By now a mandatory requirement in PIPEDA may almost seem redundant. Even without a legal obligation to do so, organizations have been voluntarily reporting breaches to the OPC for many years. And there are legitimate questions about the purpose of breach notification, including whether there is still value in notifying consumers about every breach that occurs.
Understandably, the OPC believes that notification is a good idea. However, the Commissioner is not entirely happy with the data breach notification regulations, nor the fact that his office has not been provided with additional resources, stating that the “the office’s work will be somewhat superficial and the regime will be less effective in protecting privacy.” Policy-making sure can be a thankless task.
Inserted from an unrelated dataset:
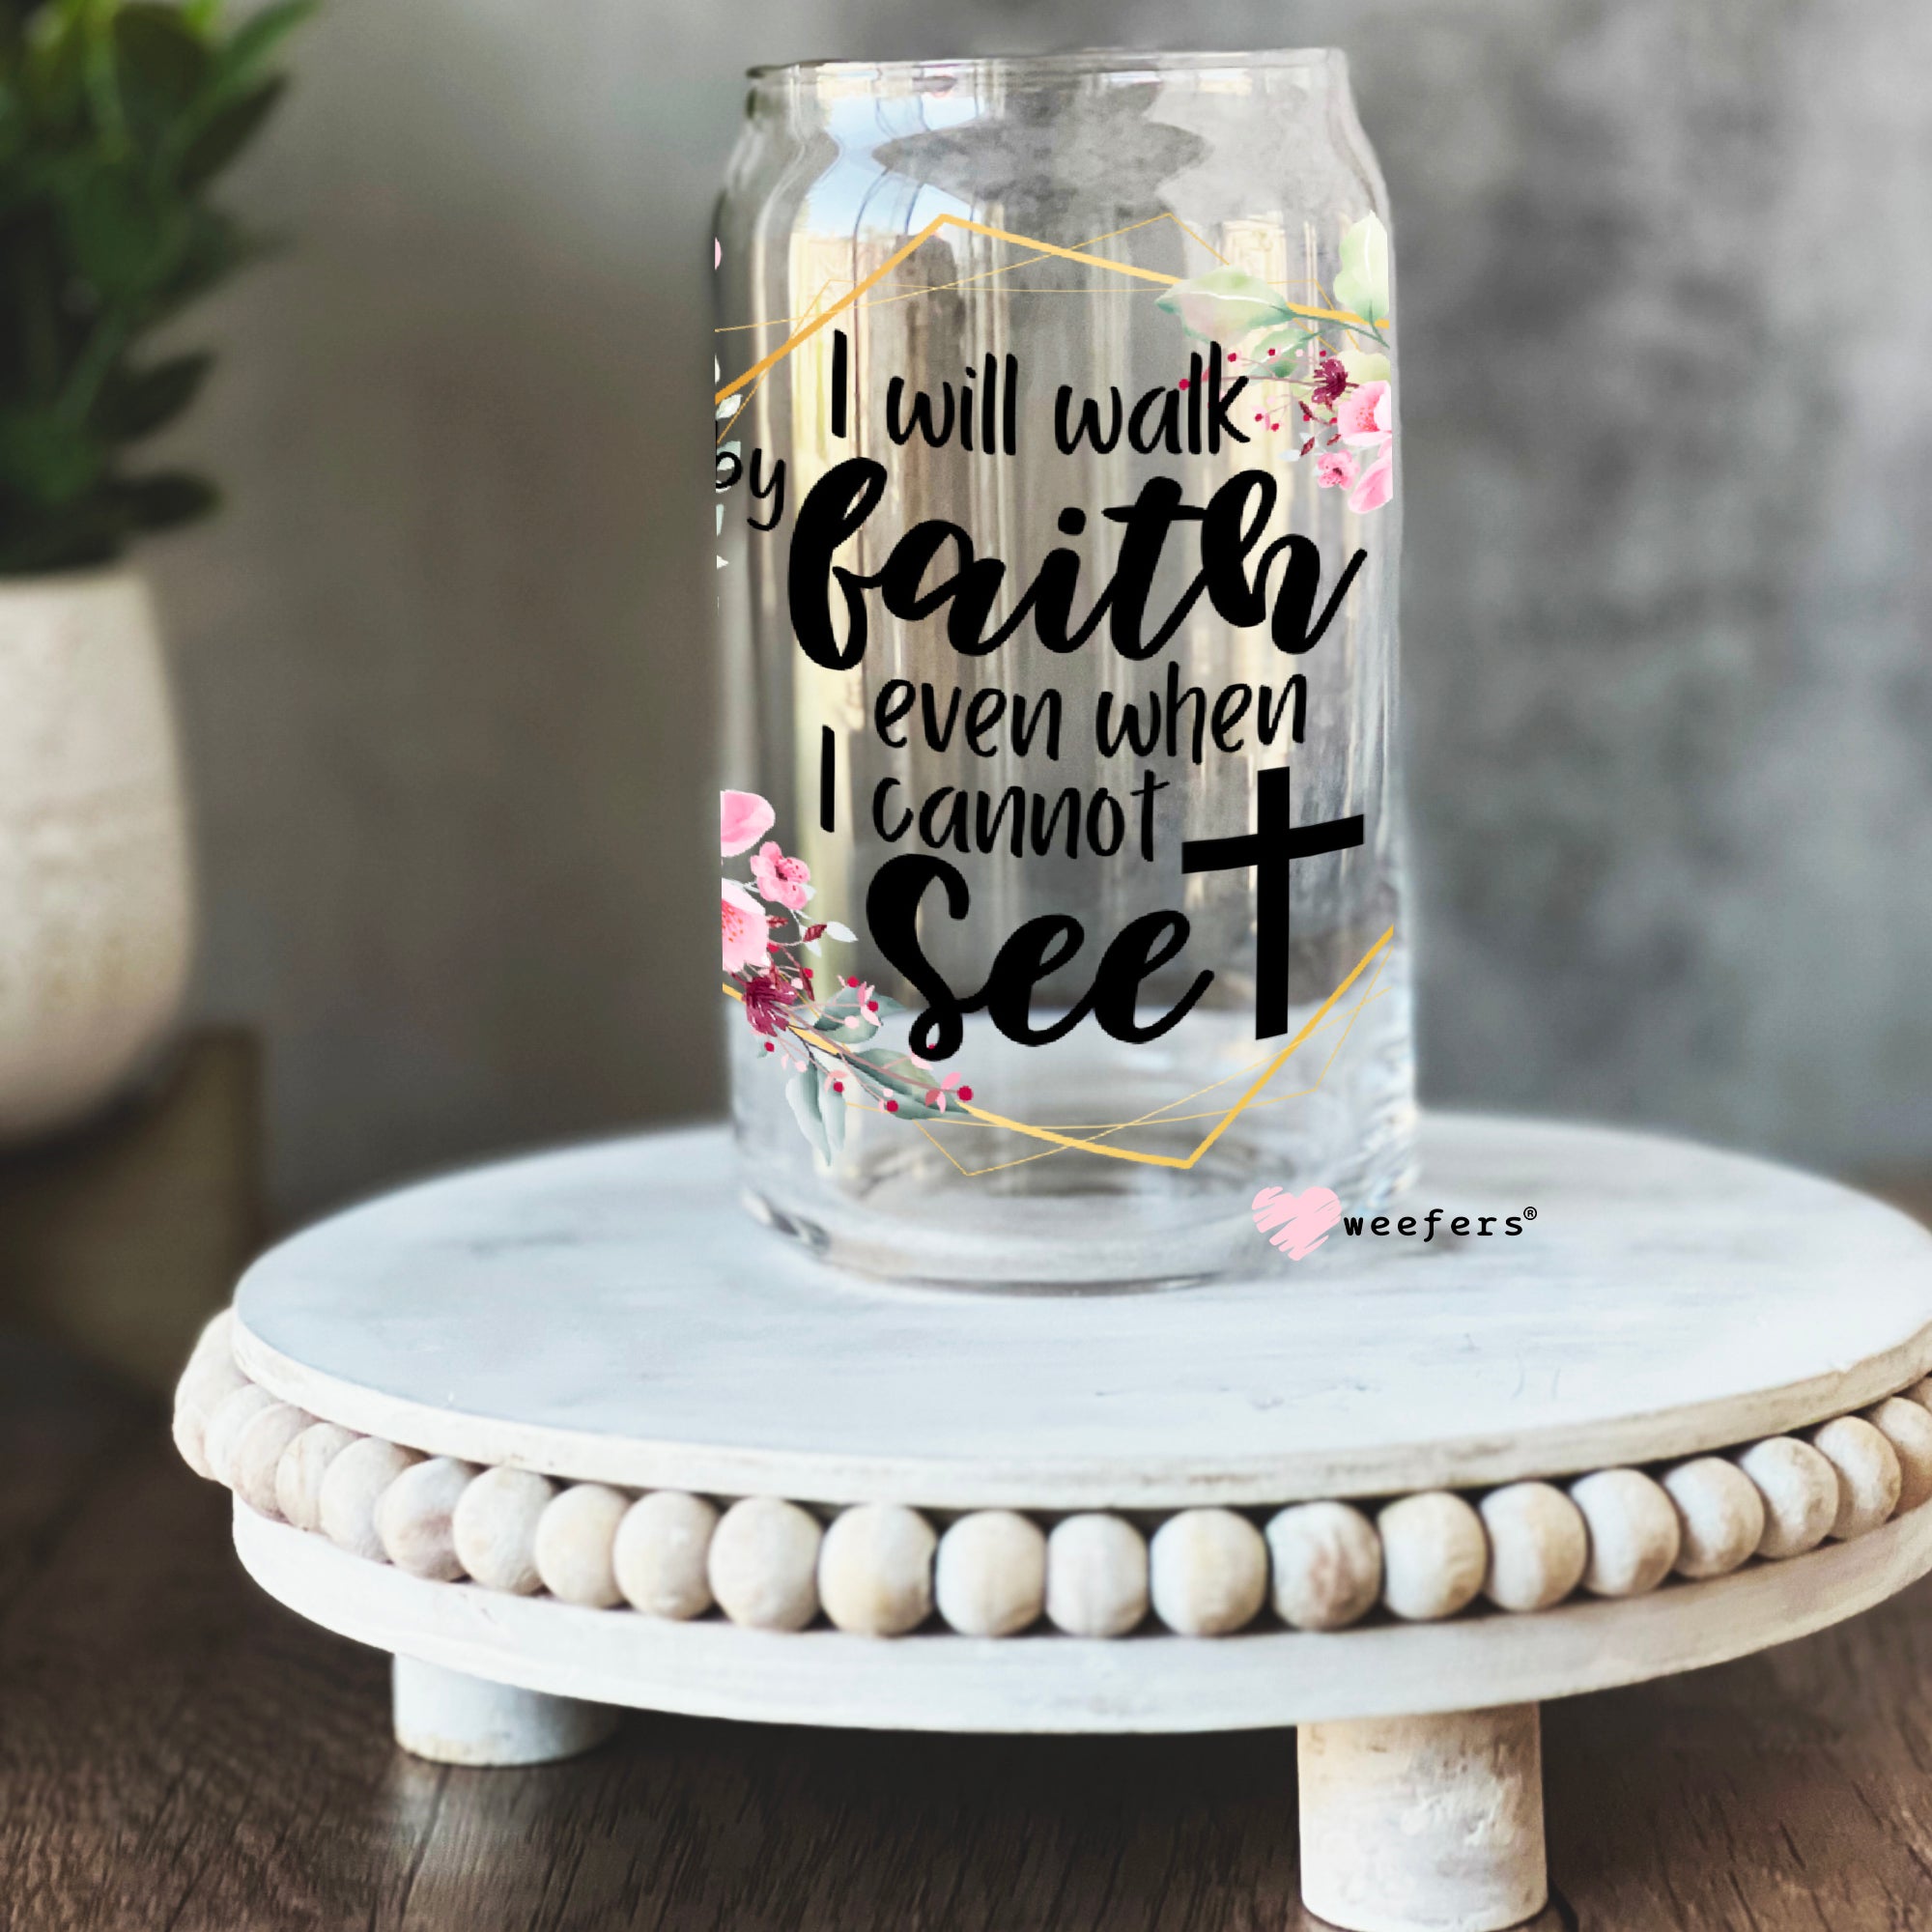 Faith Coffee Cup - Iced Coffee Glass with Minimalist Design - Christian Gifts for Her - Christian Tumbler - Smoothie Cup 16oz from BluChi

However, all of this effort has not necessarily been a waste of time, as there are some concrete benefits to a mandatory requirement.
Most importantly, the decision of whether to notify the OPC when a breach occurs has become a bit easier. If PIPEDA applies, and there is a “real risk of significant harm,” then the decision is pretty clear.
Also, organizations that report to the OPC no longer have to worry about their problems being disclosed to the public under the Access to Information Act. The OPC took the view that the confidentiality provisions under PIPEDA did not apply to voluntarily provided breach reports because they were not obtained as a result of the performance or exercise of any of the Commissioner’s duties or powers, and were therefore open to the public. Breach reports are now excluded from access to information requests.
And although initial guidance from the OPC suggested that both the “principal organization “ (e.g., “controllers”) and the “third-party processor” would need to notify if a breach occurred involving personal information that had been transferred to a third party for processing, this guidance has since been revised to reflect the definition of “control” in Canadian law. Absent unusual circumstances, only the principal organization needs to notify, as would be expected.
So, no need to panic — for many organizations, this is mostly business-as-usual.